Any person employed in the public school system of this Commonwealth who has completed ten (10) years of satisfactory service as a professional employe or member of the supervisory, *197instructional or administrative staff ... shall be entitled to a leave of absence for restoration of health, study or travel, or, at the discretion of the board of school directors, for other purposes. (Emphasis added.)

This provision clearly establishes that sabbatical leave in Pennsylvania is in the nature of an incident or benefit of employment for public school employees who meet the requirements of length of service.3 Moreover, this is an exhaustible benefit, normally limited to one full school term after each seven years of service. Section 1166 of the Code. Therefore, without ruling on the legality of the leave granted to Claimant in the instant case, we conclude that Employer is not entitled to a credit for sabbatical leave payments made to Claimant.

We, accordingly, reverse the decision and order of the Board insofar as it grants a credit to the Employer against its workmen’s compensation liability.

Order

And Now, this 15th day of April, 1982, the order of the Workmen’s Compensation Appeal Board, No. A-79632, dated April 16,1981, is hereby reversed insofar as it granted the Scranton School District an appropriate credit against its liability for workmen’s compensation benefits payable to the Claimant, Albert William Panaci.

Order

And Now, this 15th day of April, 1982, the order of the Workmen’s Compensation Appeal Board, No. A-79632, dated April 16,1981, is hereby affirmed insofar as it awarded workmen’s compensation benefits to the Claimant Albert William Panaci. Judgment is entered *198in favor of the Claimant Albert William Panaci and against Scranton School District and/or its insurance carrier as follows:

Compensation for temporary total disability at the rate, of $213.00 per week commencing February 16, 1978 and continuing thereafter within the limitations and provisions of The Pennsylvania Workmen’s Compensation Act, together with 10% interest per annum on all deferred amounts of compensation payable hereunder.

It is further ordered that the lump sum fee agreement approved by the Workmen’s Compensation Appeal Board be adhered to by the Claimant and his counsel.

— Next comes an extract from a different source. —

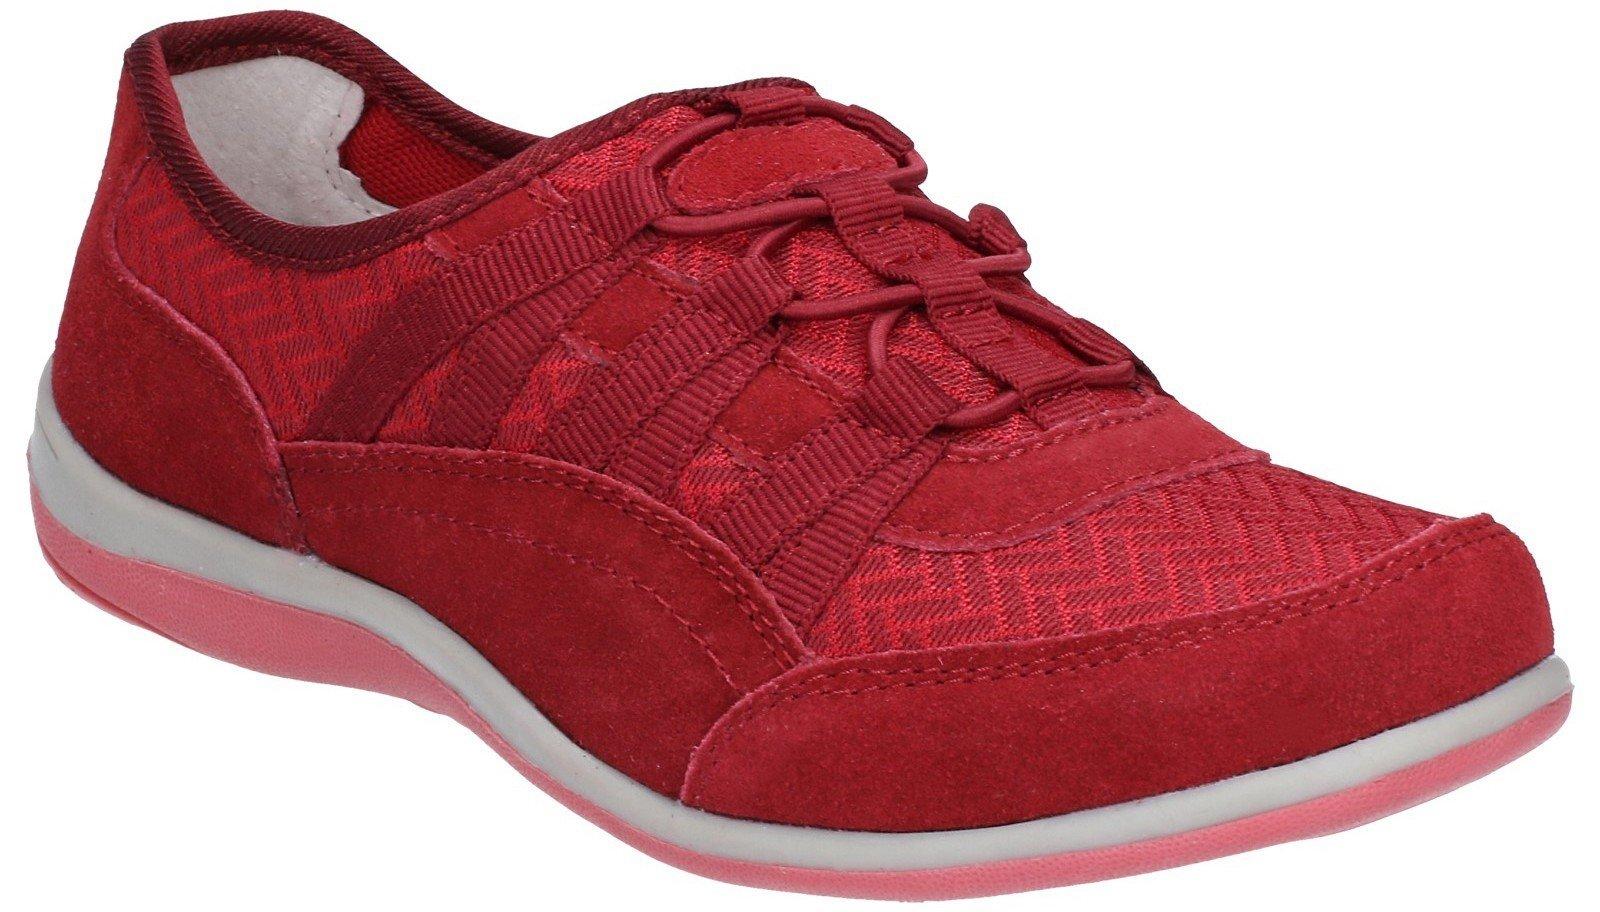 Fleet & Foster Women's Dahlia Trainer Various Colours 28258-47458 - Red 3

The referee’s findings on the degree of Claimant’s disability are less clear than we would like. In addition to the finding of total disability quoted, infra, the referee concluded:

Since the claimant is unable to perform his pre-injury occupation as a result of his work related injury of February 15, 1978, and since the' defendant failed to show there was any suitable work available in the market within which the claimant could perform, he must be considered temporarily totally disabled from February 16,1978.

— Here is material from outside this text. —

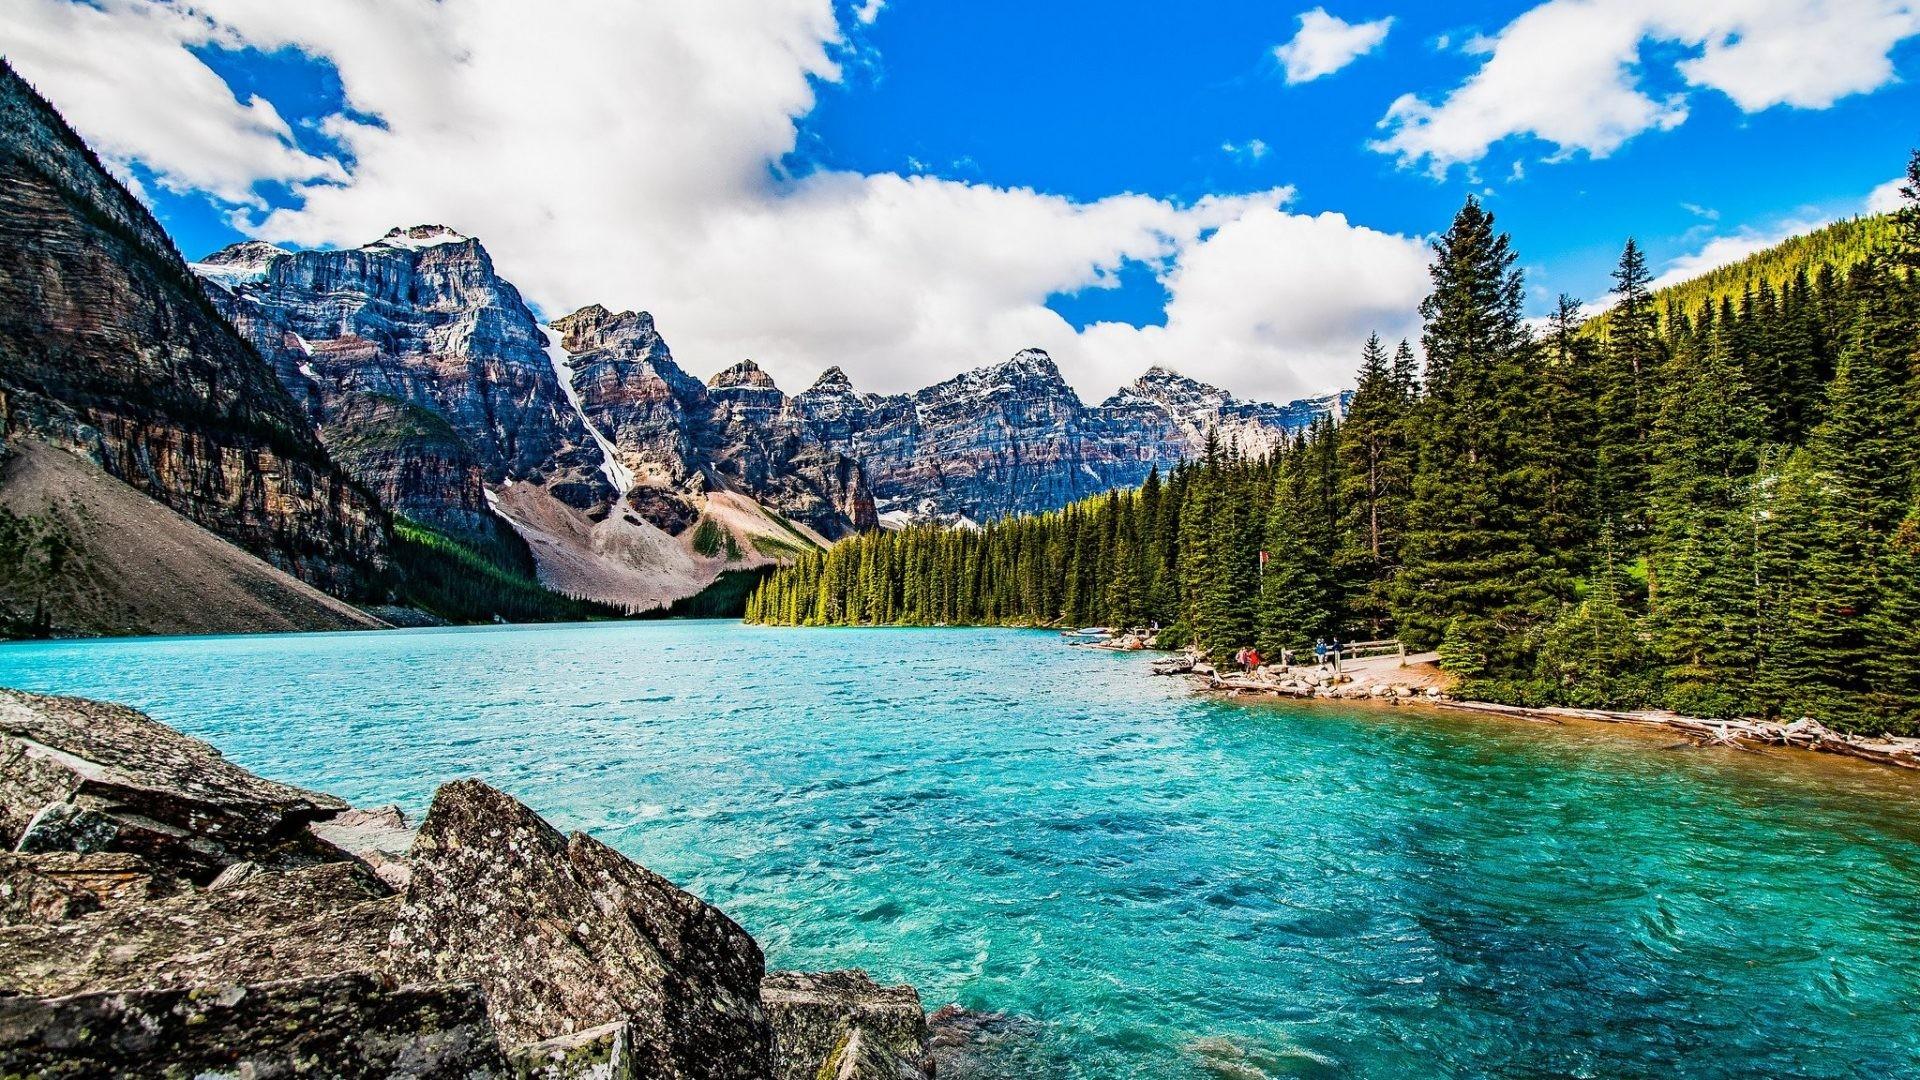 4K Ultra HD Nature Wallpaper (67+ Images

Employer states in its brief that the sabbatical was two years in duration, however, we believe the record is clear that the sabbatical was granted for one year only. Furthermore, since we conclude that the Employer is not entitled to a credit for payments made during the sabbatical, any factual dispute is immaterial.

Claimant testified that he began his employment with the Employer in September, 1950.